# Car Docks: What are you using?



## blaineevans (Jul 11, 2011)

Currently in the market for a car dock. I just picked up one of these to swap out for the Samsung spare/charger combo. Now I'm trying to get my mobile taken care of as well.

Currently debating between the Tetrax FIXWAY, or a PanaVise mount, and ProClip holder (obviously modified to work together). I really have a hard time dropping $112.94 (before tax) on the latter, although I think it'd be the more ideal choice. The Tetrax is a cheap/simple option, but I hate that if I needed to charge I'd have a cable exposed just running freely from my cigarette lighter. I already have an AUX running to my head unit, and that bugs me enough as is.

Honestly I was hoping I could find a mount/holder that stuck directly into the cigarette lighter, and had a USB port at the bottom (similar to the desk dock I just picked up). The option to swivel would be a bonus. Unfortunately my searches have turned up nothing.

SO! Since I made this short story, long.. What are you using? Stock, modified, what have you made work?

Forgot to mention, I'd prefer to stay away from a windshield mounted dock, I'll grab one if its a good option/well priced, but I feel like having it on the dash (near the head unit) is more convenient. (For everything except nav of course.)


----------



## idefiler6 (Sep 3, 2011)

I have a Kraken case, and will be buying the $15 dollar attachment that turns it into a car dock when I stop being lazy and order it.

I made this decision after I told my Garmin to go into avoid traffic mode, and it fking took me through Manhattan. I almost threw it out the window. Google Maps ftw.


----------



## SuzakuTheKnight (Apr 7, 2012)

I have both the XWAY and FIXWAY. I keep the XWAY on one of my center vents and the FIXWAY right below the radio. The FIXWAY is my main dock, but I really like the option of quickly moving the phone to the XWAY for turn-by-turn navigation since there is less distance for the eye to travel between the phone and road. Main pros that I find are: extremely quick dock/undock, supports all types of devices, very small footprint when not in use, and easy rotation for portrait/landscape. The one real con I have is that the disc on the back of the phone makes it wobbly when placed face up on a flat surface.


----------



## DrMacinyasha (Jun 6, 2011)

I have an Exomount. It holds my phone quite well. Just plug in a 1A Motorola USB charger I got off Amazon, and a cheap FM transmitter from Walmart. All in all, cost under $40. Pretty reliable, and works with any phone that has a headphone jack, microUSB jack, and is smaller than a 7" Tab.


----------



## mike dee (Jul 5, 2011)

+1 for the Tetrax FIXWAY! Just got mine a couple days ago, and I love it!

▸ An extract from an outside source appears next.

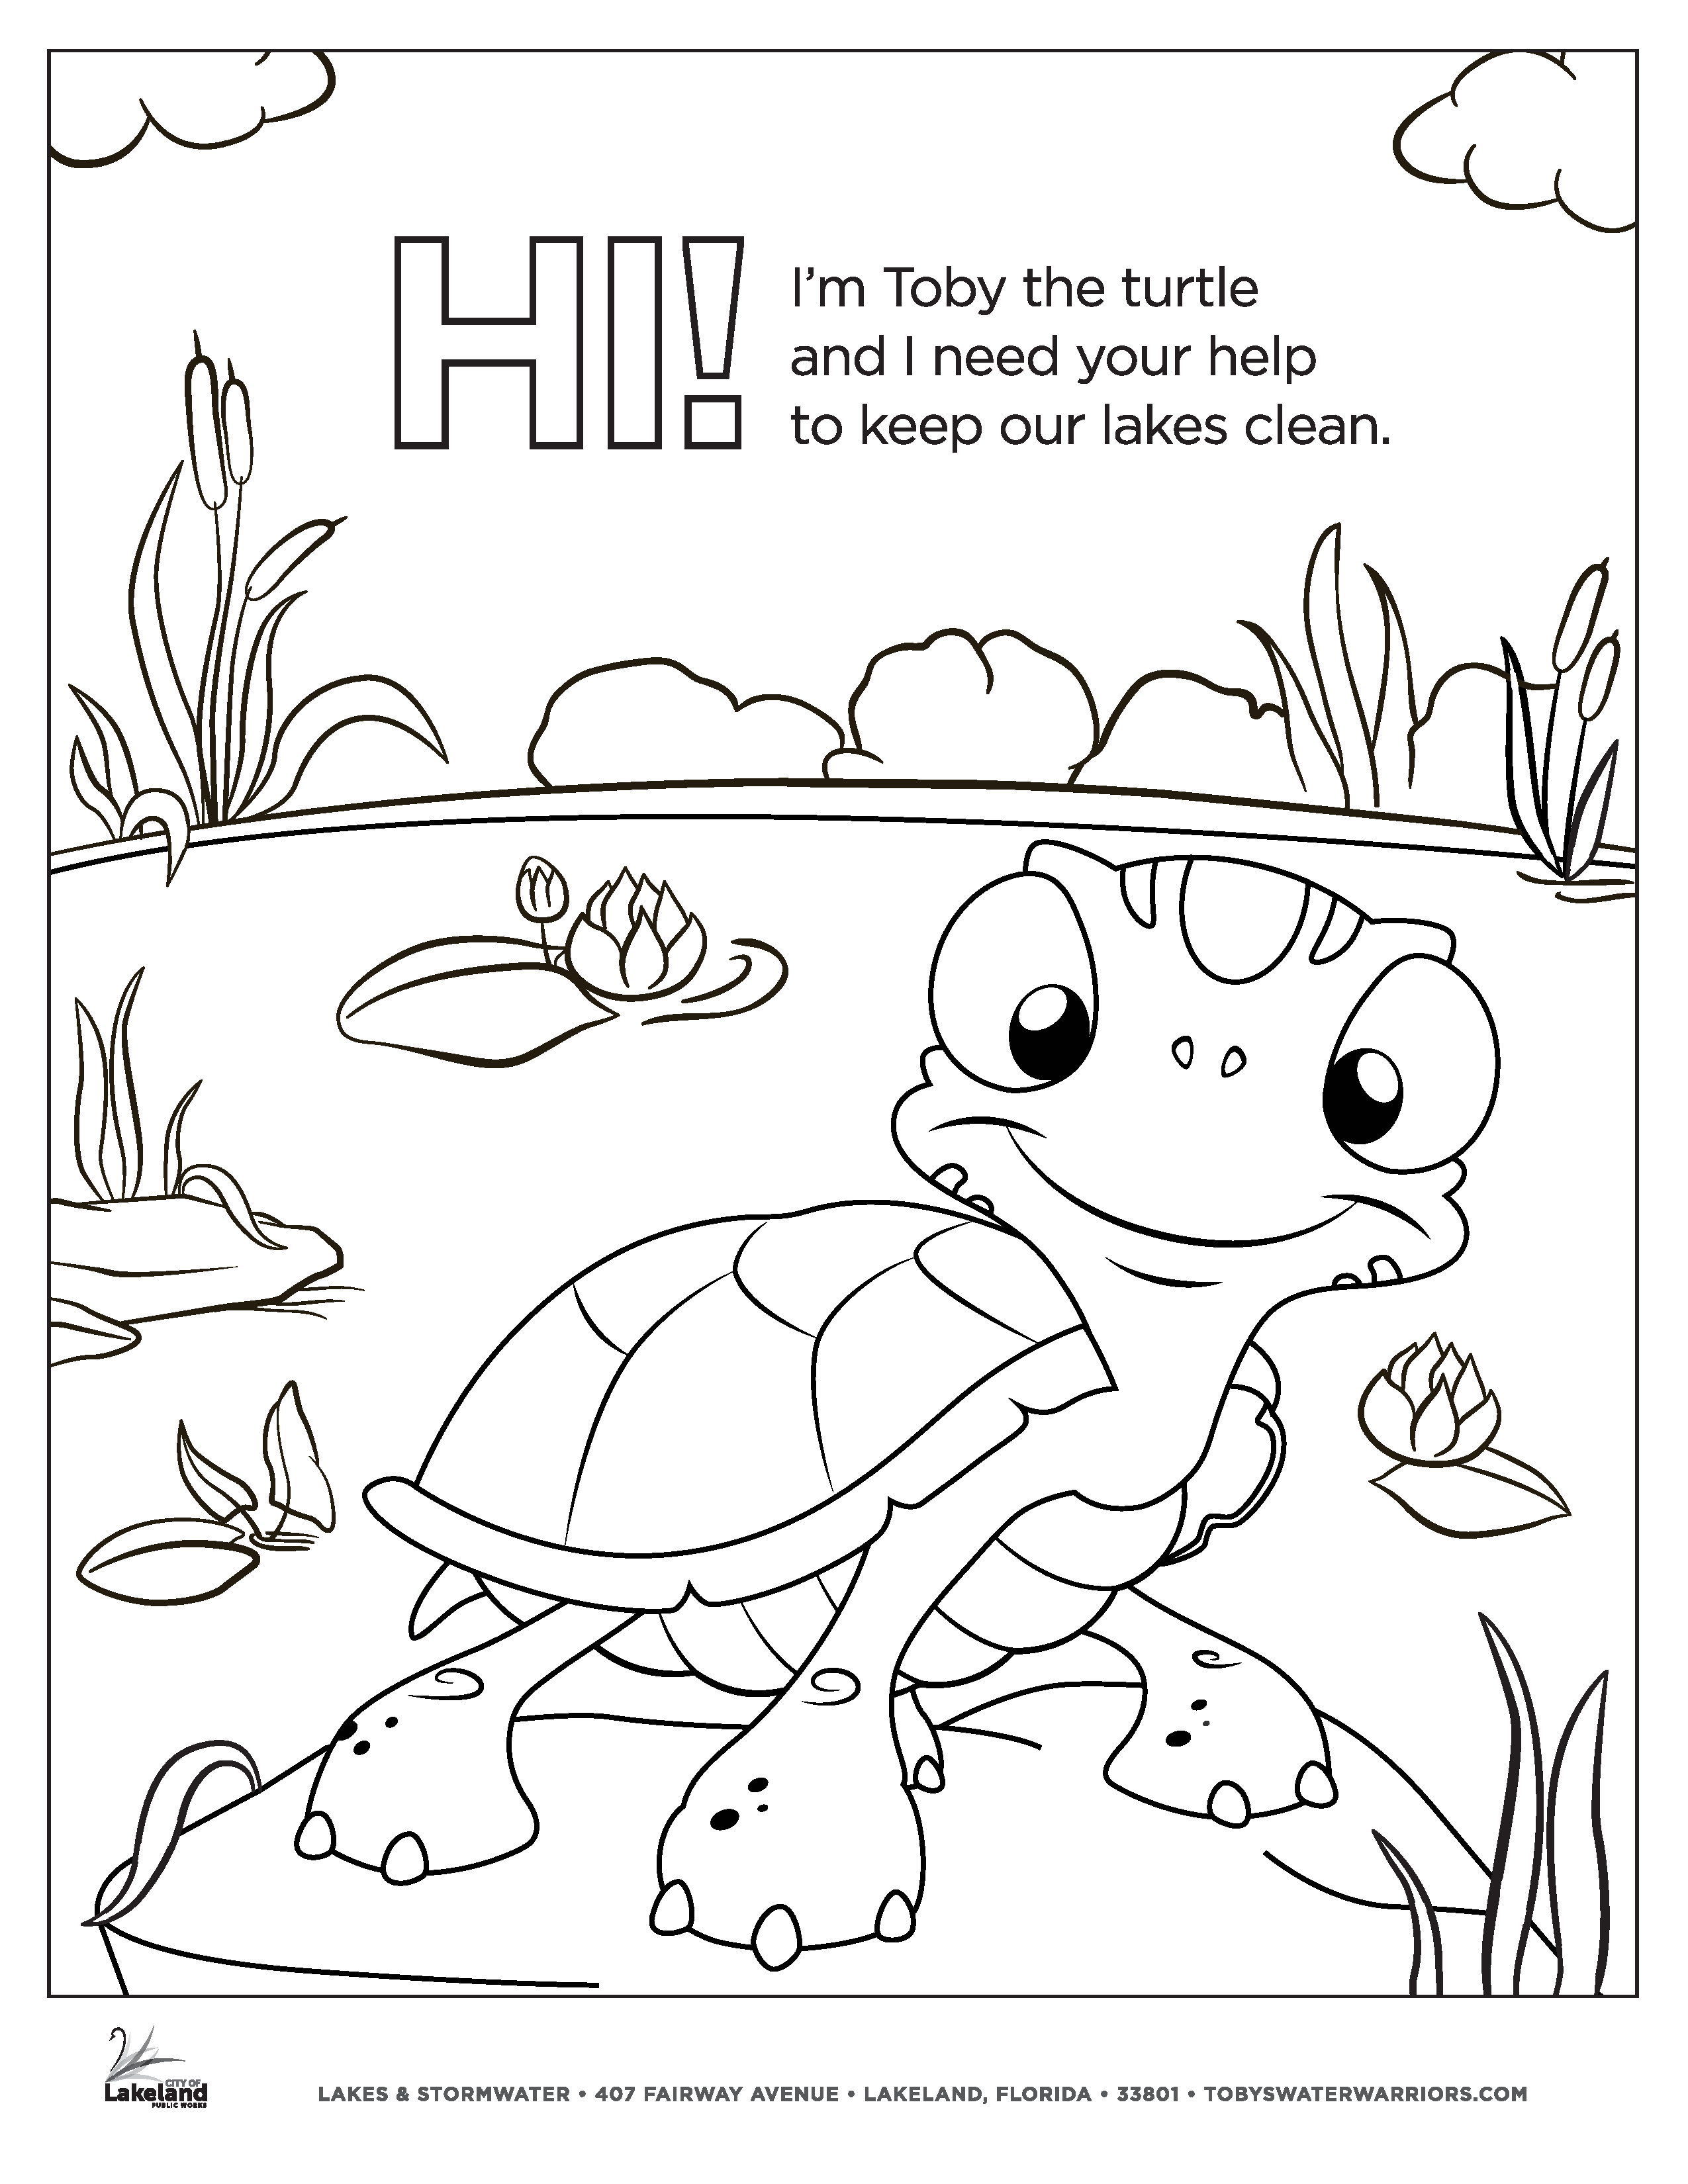 Coloring Pages City of Lakeland
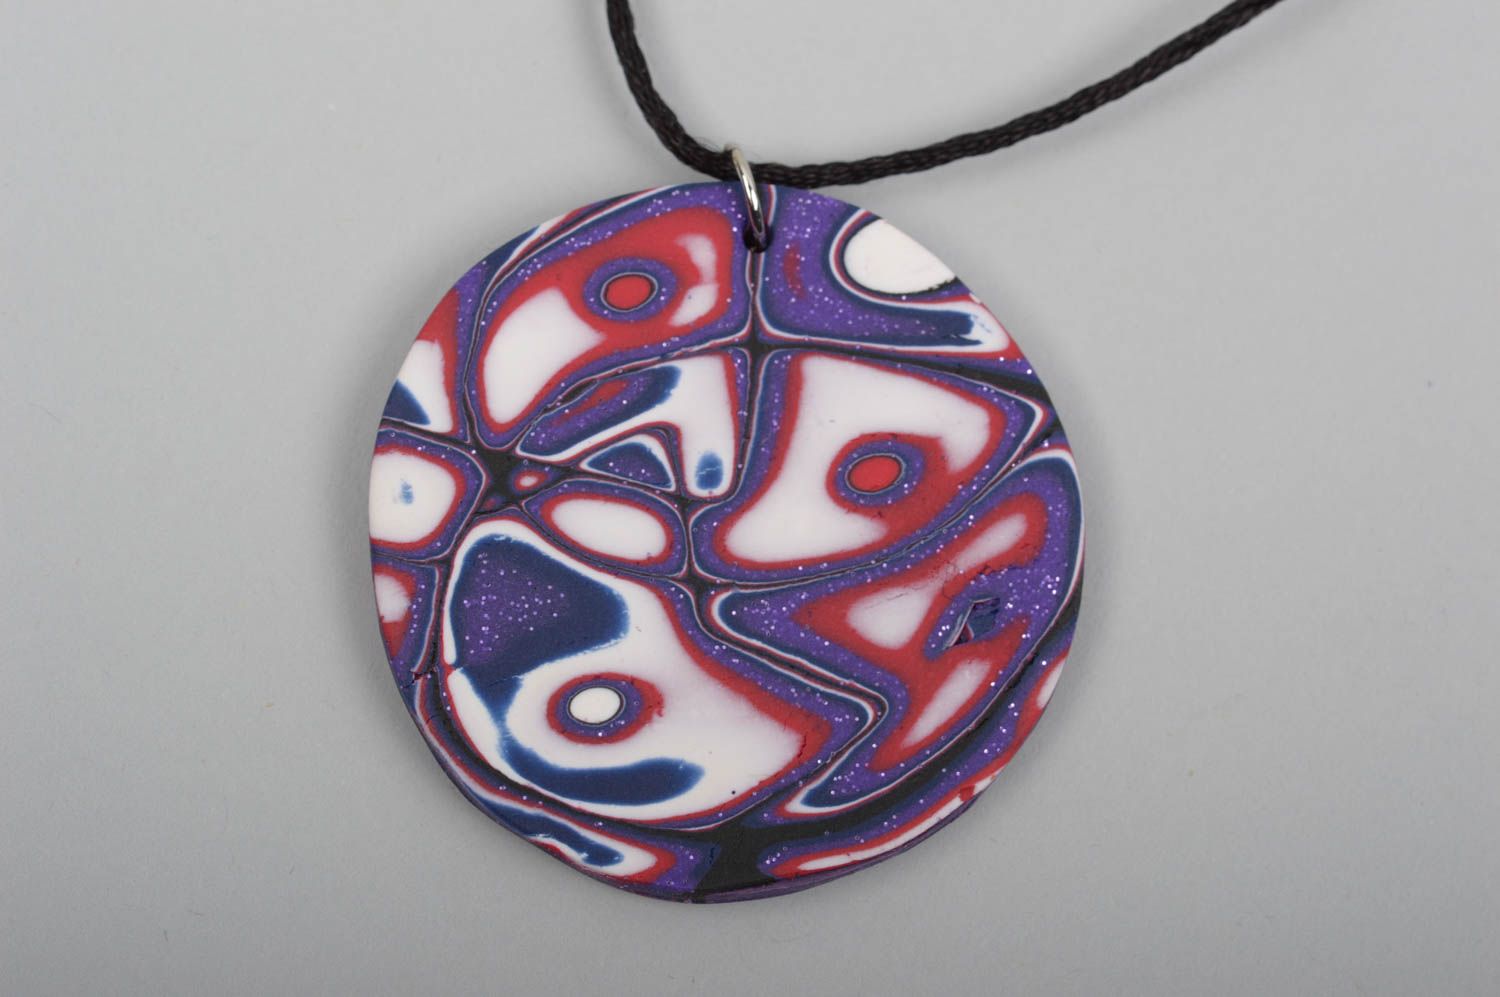 Fashion necklace handcrafted jewelry designer accessories polymer clay gift idea photo 3

Paired that with some NFC tags, and the Livio bluetooth internet radio kit (on Amazon), and streaming Pandora in the car has never been so damn easy.


----------



## nunyazz (Jun 6, 2011)

Proclip.


----------



## blaineevans (Jul 11, 2011)

idefiler6 said:


> I have an Exomount. It holds my phone quite well. Just plug in a 1A Motorola USB charger I got off Amazon, and a cheap FM transmitter from Walmart. All in all, cost under $40. Pretty reliable, and works with any phone that has a headphone jack, microUSB jack, and is smaller than a 7" Tab.


Will have to checkout the Exomount.
Update: Exomount actually looks decent, unfortunately they're sold out at the moment. How well does the suction work? My dash surface isn't exactly smooth.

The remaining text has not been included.